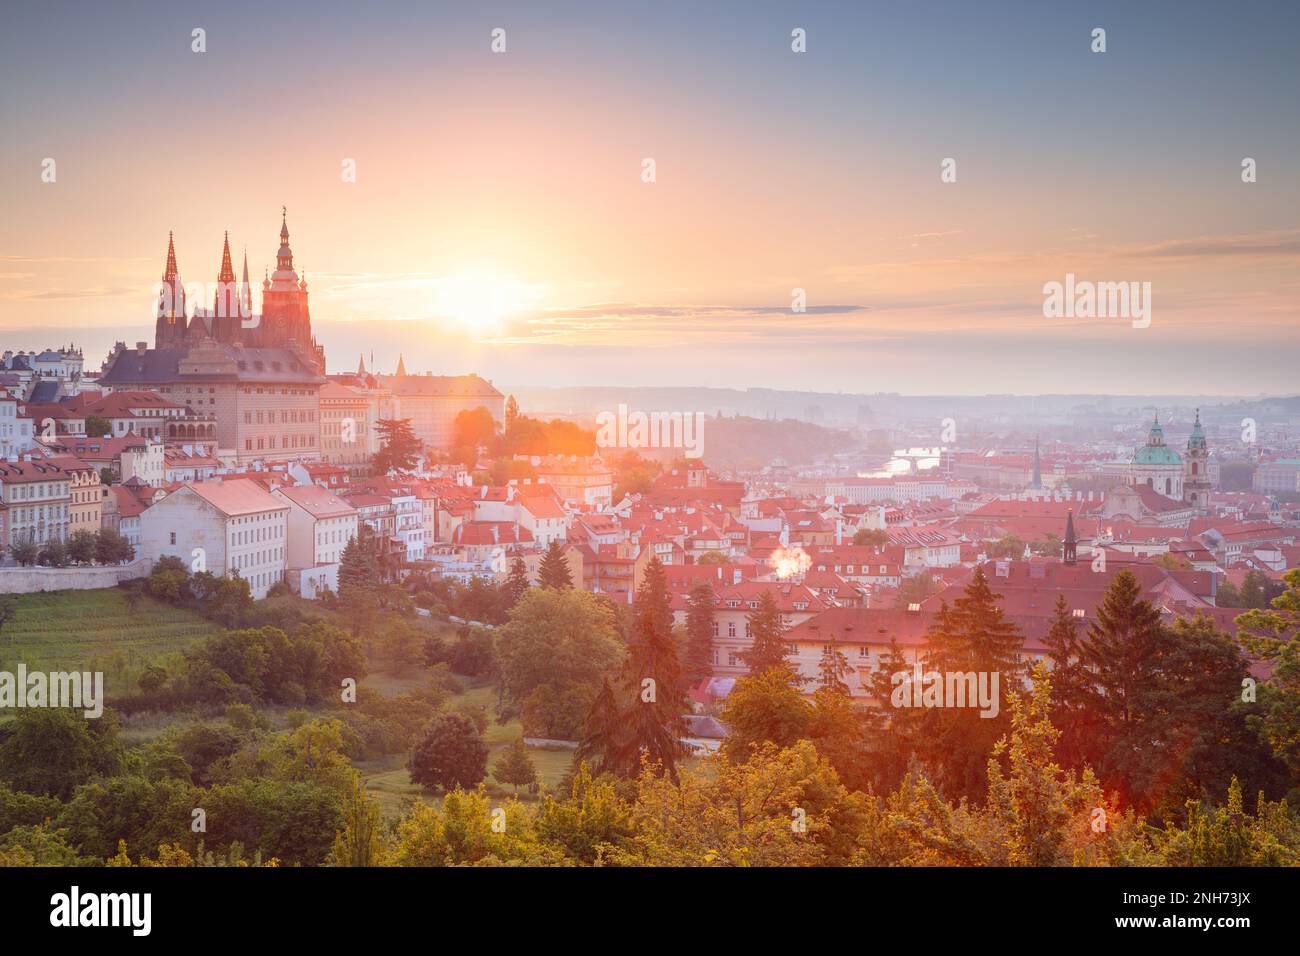 Praga, Repubblica Ceca. Immagine del paesaggio urbano di Praga, capitale della Repubblica Ceca con San Cattedrale di Vito durante l'alba estiva. Foto Stock
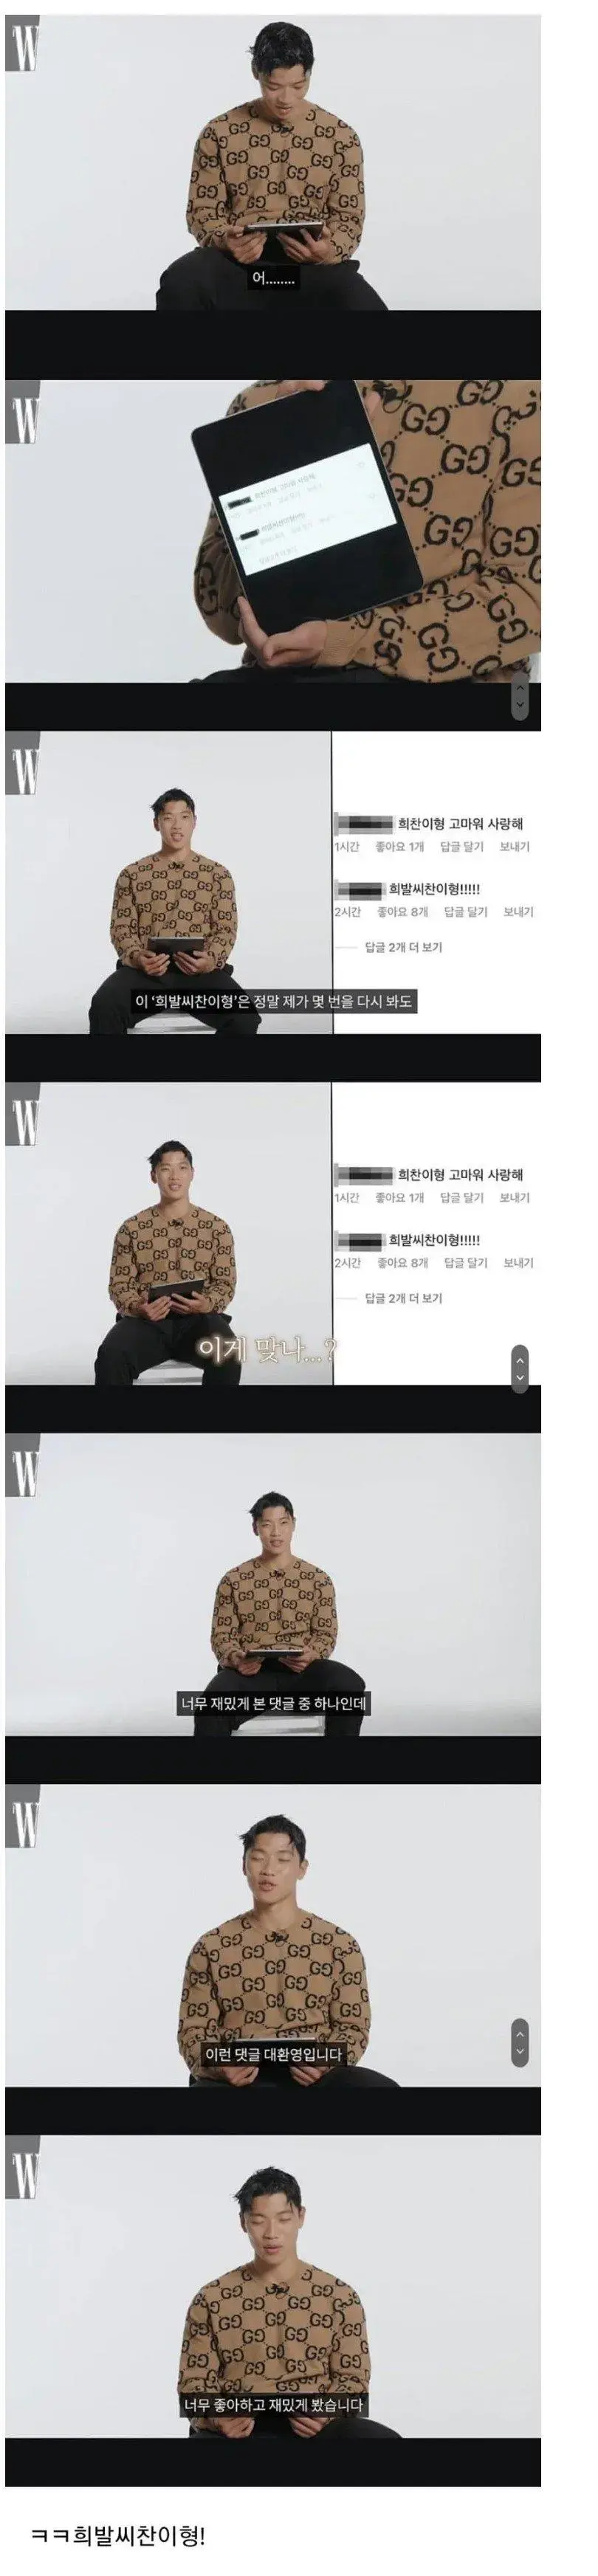 싱글벙글 씨찬이형을 싱글벙글하게 만든 댓글.jpg | mbong.kr 엠봉
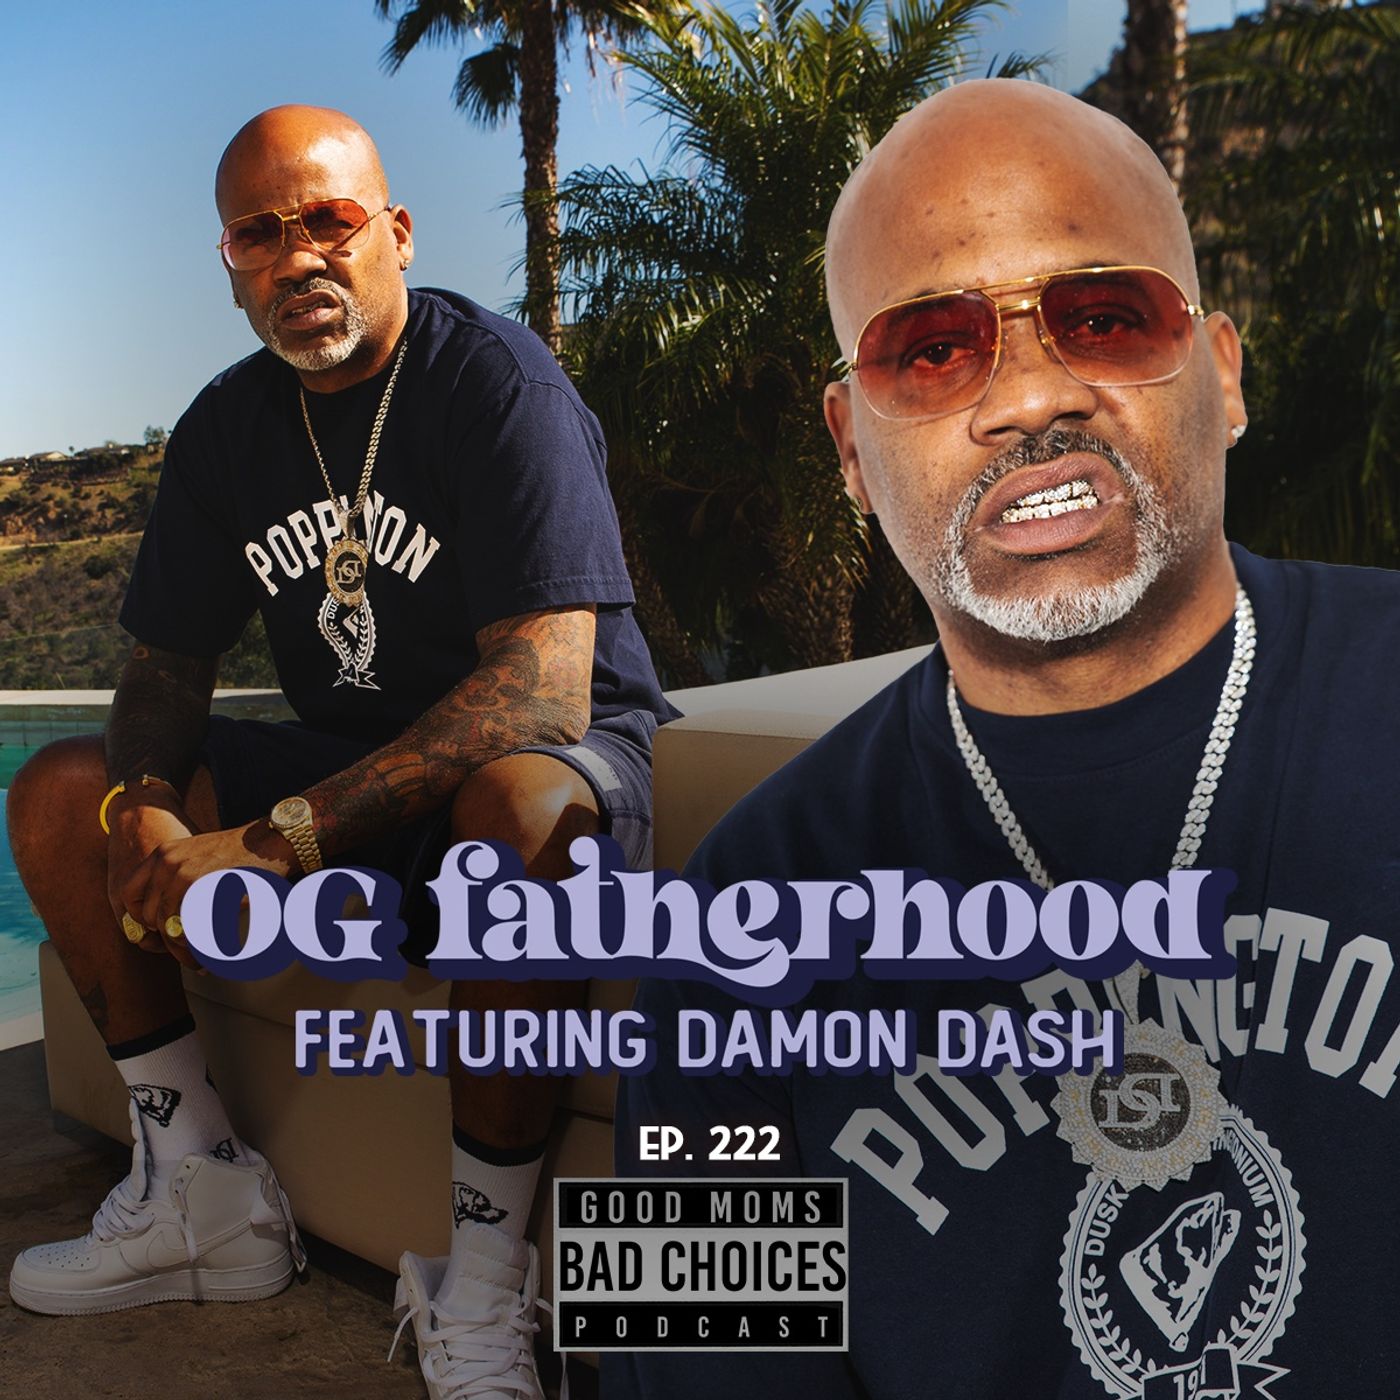 OG Fatherhood Feat. Dame Dash Image

* _What the task asks_
Leave the images aside and retype each line of the listing above exactly.

* _Written solution_
 Praga, Repubblica Ceca. Immagine del paesaggio urbano di Praga, capitale della Repubblica Ceca con San Cattedrale di Vito durante l'alba estiva. Foto Stock
 싱글벙글 씨찬이형을 싱글벙글하게 만든 댓글.jpg | mbong.kr 엠봉
 OG Fatherhood Feat. Dame Dash Image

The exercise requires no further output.